Lisa was their map holder and navigator whenever and wherever they traveled. Jennie would point to a random spot on the map and it would be Lisa who’d gamely get them there. With an eerily accurate internal compass and her professional training as an architect, Lisa always had greater spatial awareness than Jennie and could move them along the messy lines of a foreign map with the ease of a Sunday stroll through linear tree-lined boulevards.

Jennie would happily, blindly follow, on foot or ferry, by bus or tram or subway. With Lisa’s hand in hers or their arms hooked together, she hadn’t worried about the destination and only enjoyed the journey, hopping on and hopping off, up and down escalators, slipping past sliding doors in fits of giggles.

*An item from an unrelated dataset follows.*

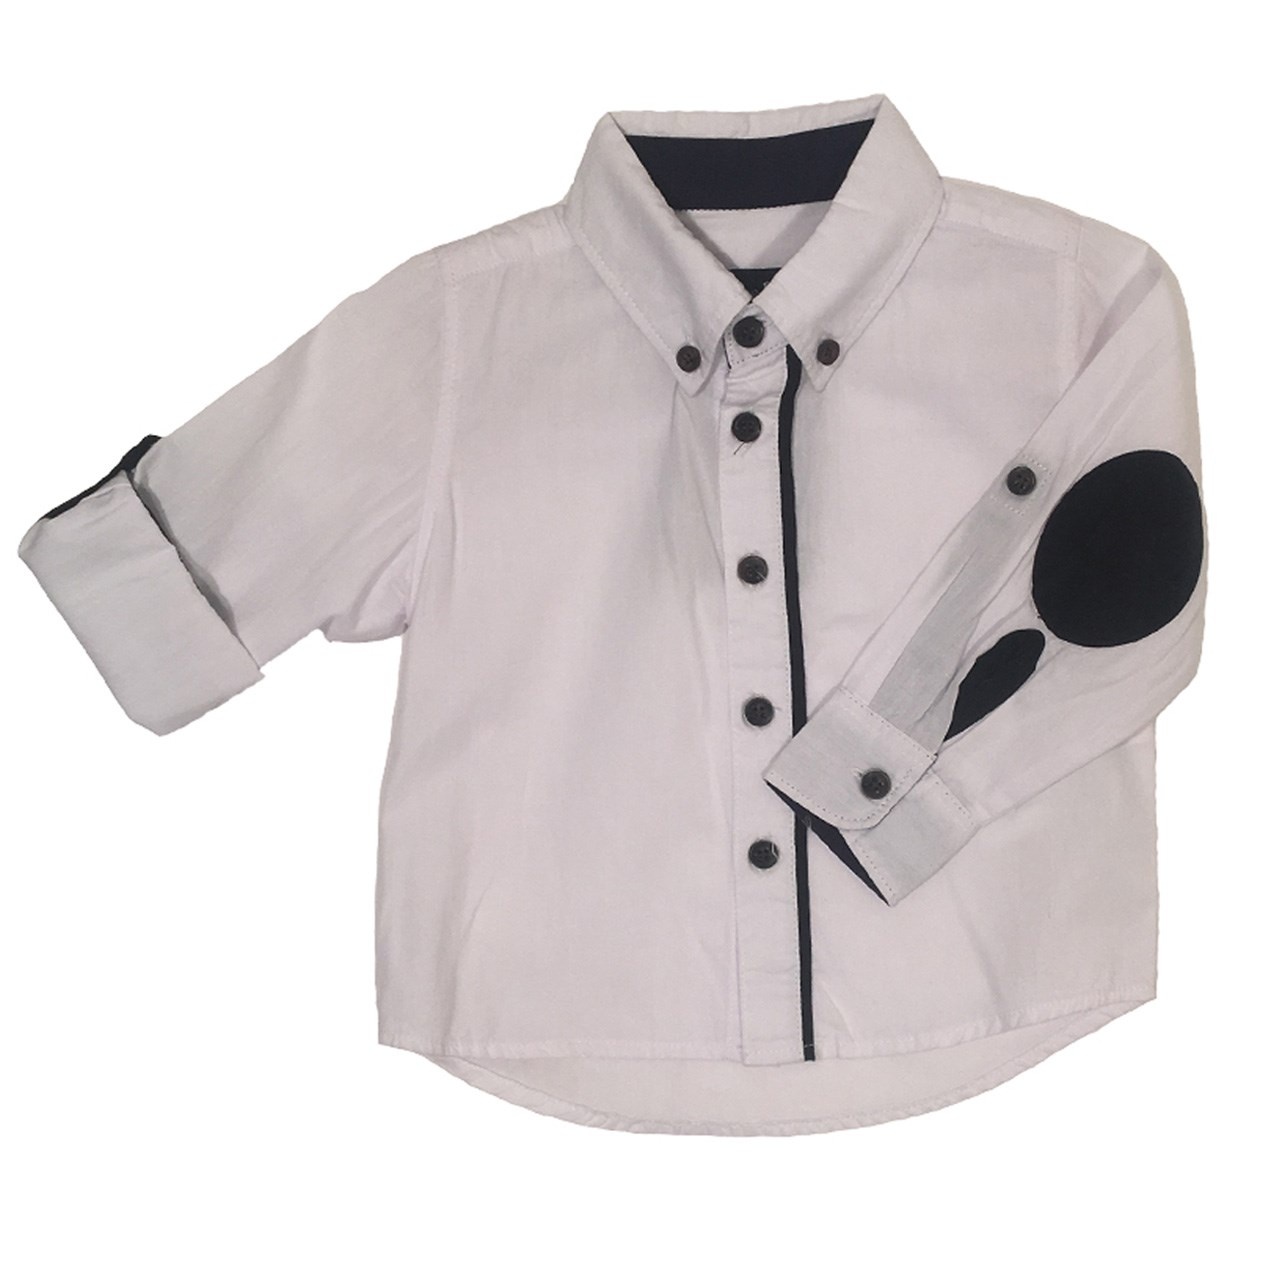 پیراهن پسرانه سفید ماسیمو مدل 027

Lisa was their cartographer as she carved out new paths to stitch together old streets, their tour guide from monument to monument to quiet moments stolen in narrow alleyways for slow and deep kisses and whisperings of tomorrows and forevers.

Through crowds Lisa would tighten her grip of Jennie’s hand; under the moonlight of an empty beach she’d tighten her hold around Jennie’s waist while they swayed to the distant murmuring of the ocean’s waves; and then in the early hours of day break, she’d tighten under Jennie while softly expelling her name, letting the fading stars know exactly where to find her.

Without Lisa, Jennie somehow ended up on a park bench by a different body of water, on another continent, lost and alone. Wanting and waiting.

The decision to fly to London came after accepting the Whitechapel’s invitation to come see their space. The gallery had reached out to Jennie for a special exhibition they were planning the next summer on colour and light, tapping her as one of the exciting young American artists they’d like to feature.

On the phone, the curator had been effusive with her compliments about Jennie’s compelling use of mixed media, hyperbolic about the way she pushes the heuristic boundaries of emotion in her colour field representations. Jennie felt a blush that couldn’t have been seen through her mobile but when she was casually encouraged to come for a non-committal assessment visit, at her convenience within a two-month window, it was her heart that sped up that she was sure could be heard across satellites.

While Jennie had been flattered by the interest and welcomed the opportunity to expand her showings to Europe, her heart palpitated for a different reason given the city the gallery was located in. As much as it’d be a boost to her public profile, she was more focused on what it’d mean personally to breathe the same urban air as Lisa again.

Her instinct was to immediately say yes, her heart practically lurching out of her chest towards the Atlantic. Certainly, the offer attached to the follow-up email to cover her plane ticket and hotel booking was an enticement to accept. And when Amsterdam and Berlin had also called, making it an ideal mini-trip as though the stars aligned, Jennie thought the universe was trying to tell her something, nudging her along.